The Health Department wants to revitalize neighborhoods where it has clinics by helping to improve access to exercise, gardens and commerce. In the past, conservationists and industry leaders have been at odds, but Fleenor said improving health is a goal both can share.

"We want to connect communities, rather than separate them," Fleenor said. "Health can be a bridge."

People's movement:

Burden told community leaders to focus first on the old trolley car neighborhoods that are plentiful in Birmingham and its earliest suburbs. Those communities already have many of the elements needed - streets on a grid, schools, libraries and parks.

"Everything we're seeing in places where this works is a return to the past," Burden said.

Burden gave Portland, Ore.; Seattle; Vancouver, British Columbia; and Charlotte as examples where making the streets friendly to people is bringing vibrancy to areas and increasing home values.

He said Birmingham has many streets that are wider than necessary for car traffic, with plenty of room for bike and pedestrian paths. Streetside parking will encourage businesses to move in, he said.

Trees and other landscaping are also important to create an attractive place where people will want to walk, Burden said. Bike lanes and cars parked on the street help create a buffer between the traffic and walkers.

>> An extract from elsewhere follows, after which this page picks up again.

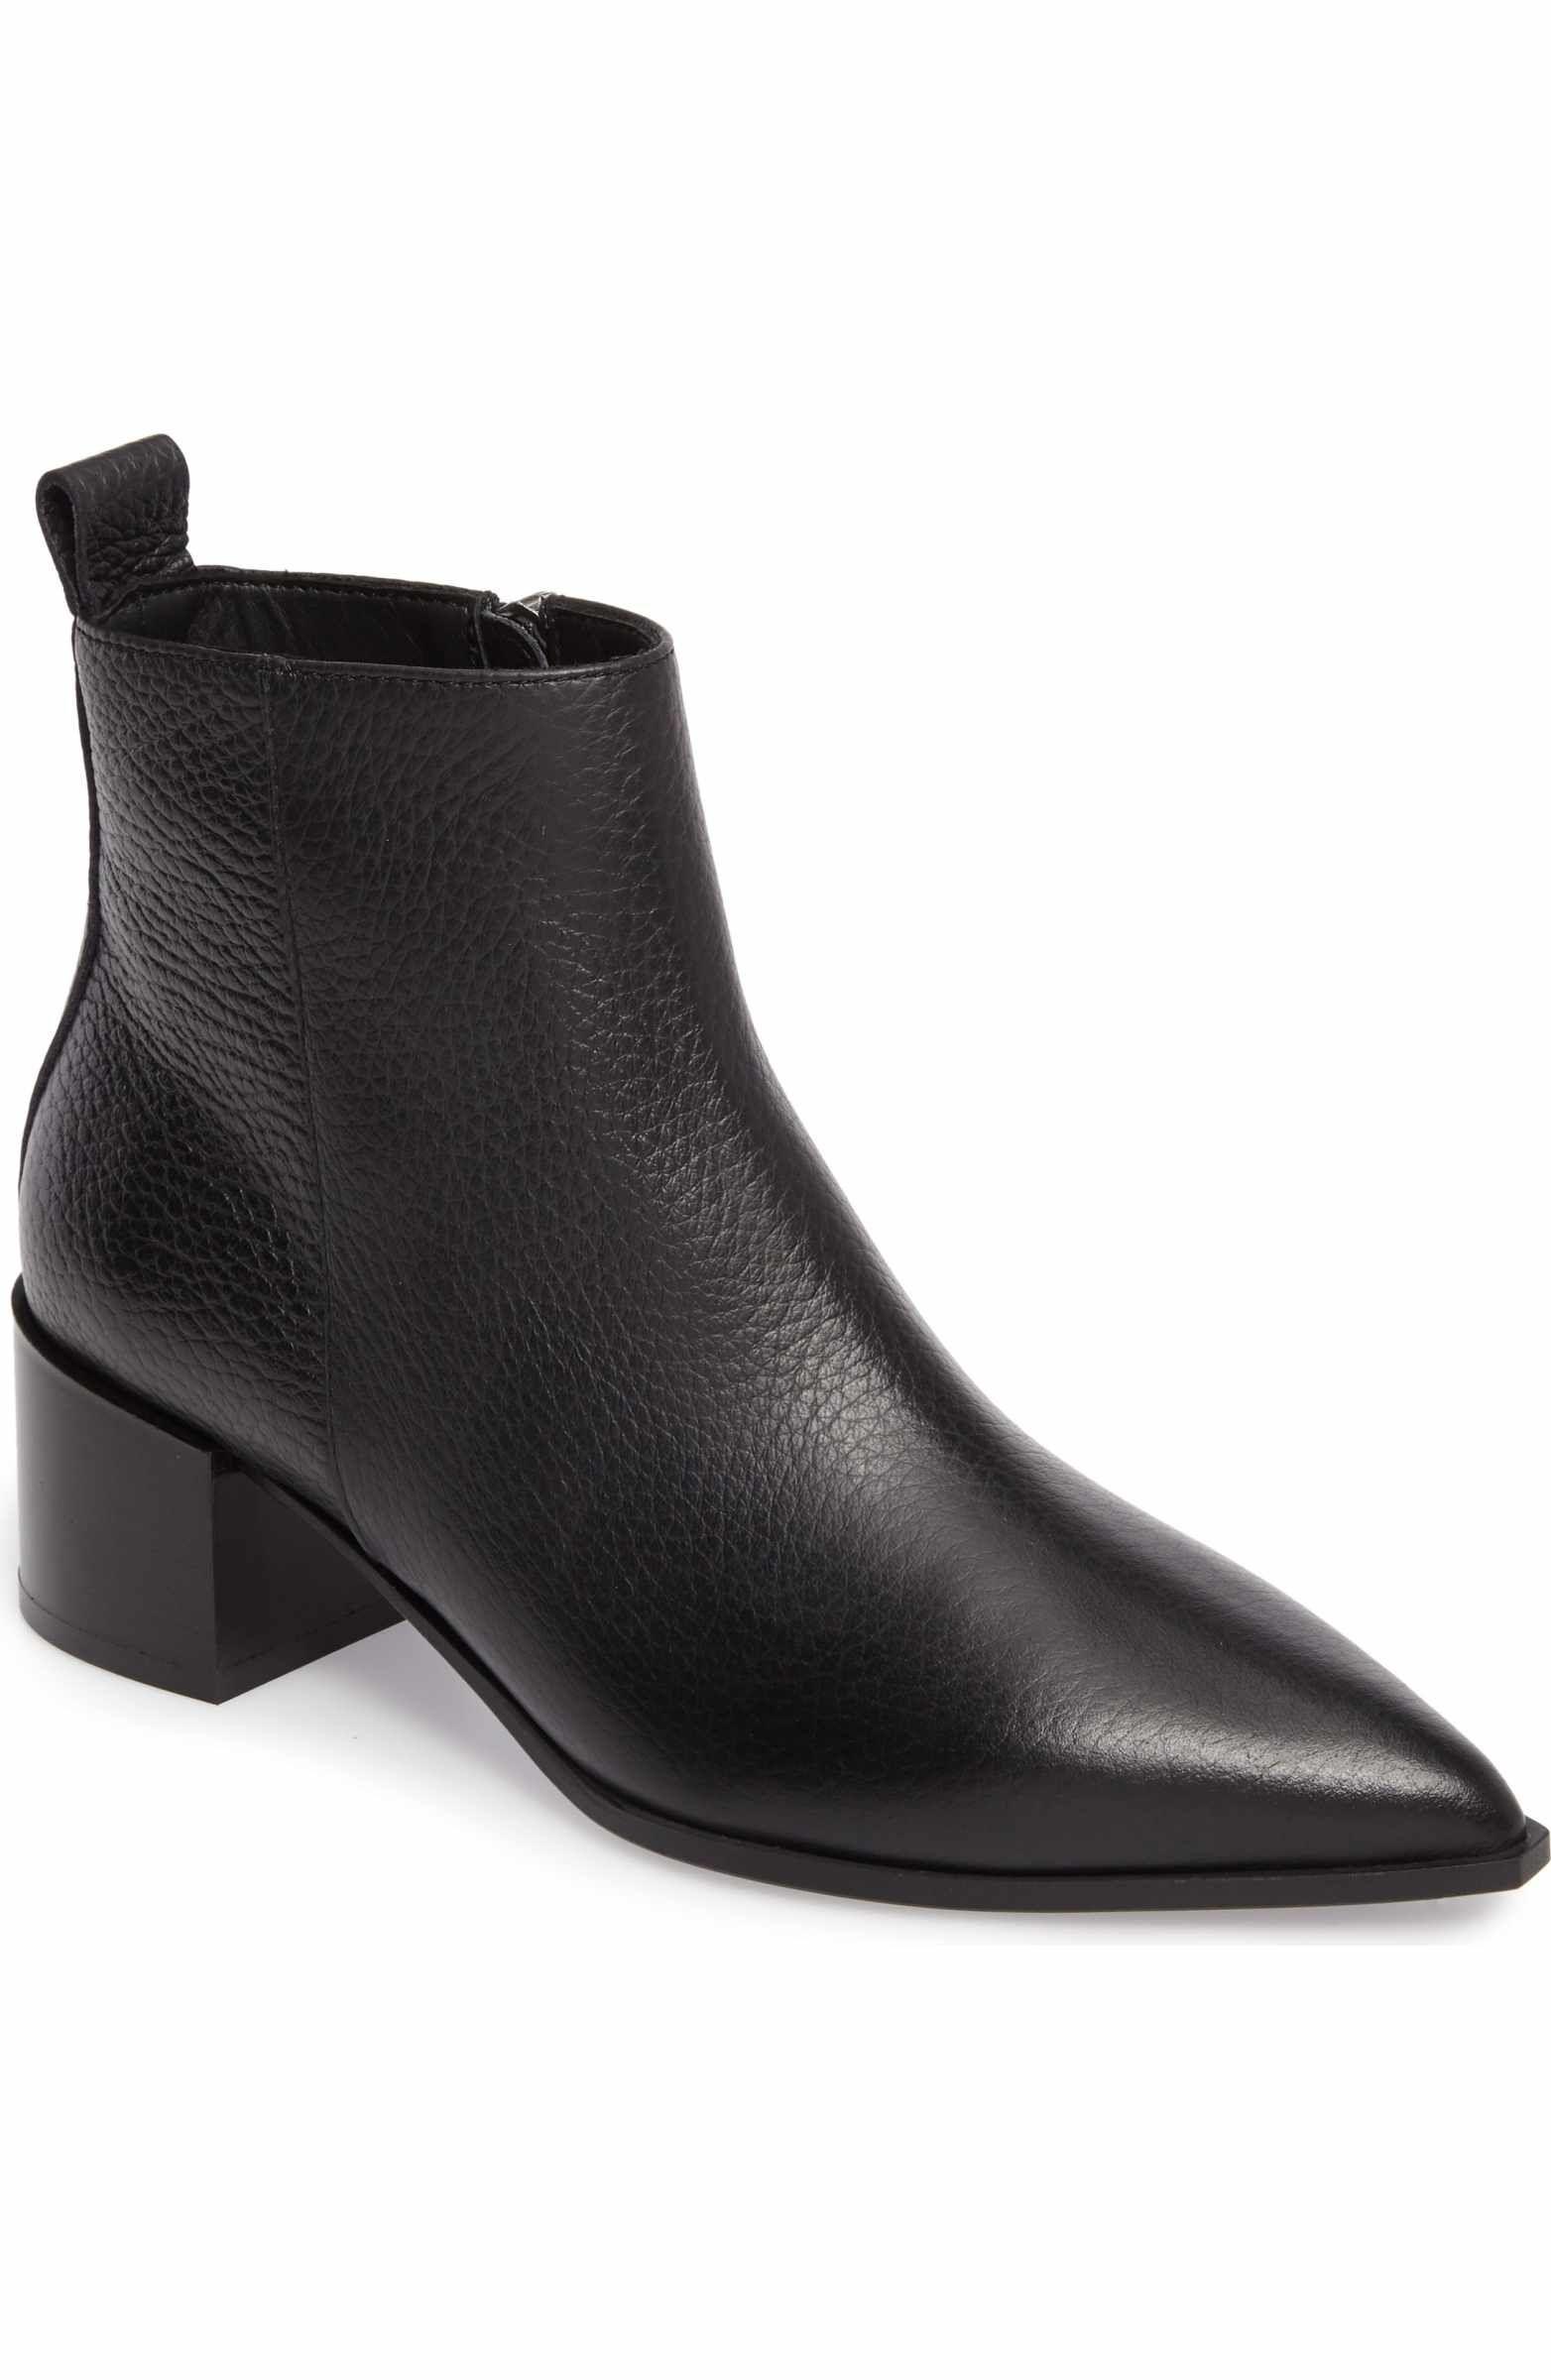 Everlane The Boss Boot (Women)   Boots

"We have been building roads for cars, not people," Burden said.

He suggested starting close to downtown Birmingham for the biggest, fastest impact. For the health summit, Burden took four geographically diverse roads across Birmingham to show the impact of turning them into streets complete with biking and walking paths: Cahaba Road, between the zoo and botanical gardens; Second Avenue South, in front of the Pepper Place building; Third Avenue West near Legion Field; and West Boulevard, in Roebuck, in front of Eastern Health Center.

"This is a movement that's being started by the people," he said. "The solutions are as local as you can get, one neighborhood at a time."

Ecoscape to the east:

The Health Department is hoping its newest health clinic - Eastern Health Center, which opened in December - will be a catalyst to create a model healthful community in what has been an area of decline.

The Health Department dedicated its "ecoscape" garden and walking trail behind the new center Wednesday and wants to get sidewalks on West Boulevard to encourage the neighborhood to visit.

Fleenor announced at the health summit an $80,000 grant the department will give to a coalition of groups that propose a health-related project in the area, such as building a community garden that would provide fresh produce. Fleenor also said the department will fund smaller grants for other communities that would like to create innovative projects that promote health.

"We're not solving the basic issues by simply plopping a health center in the middle of a community," Fleenor said. "We're coming around to the idea that a larger view of health, and a longer view, is what is needed."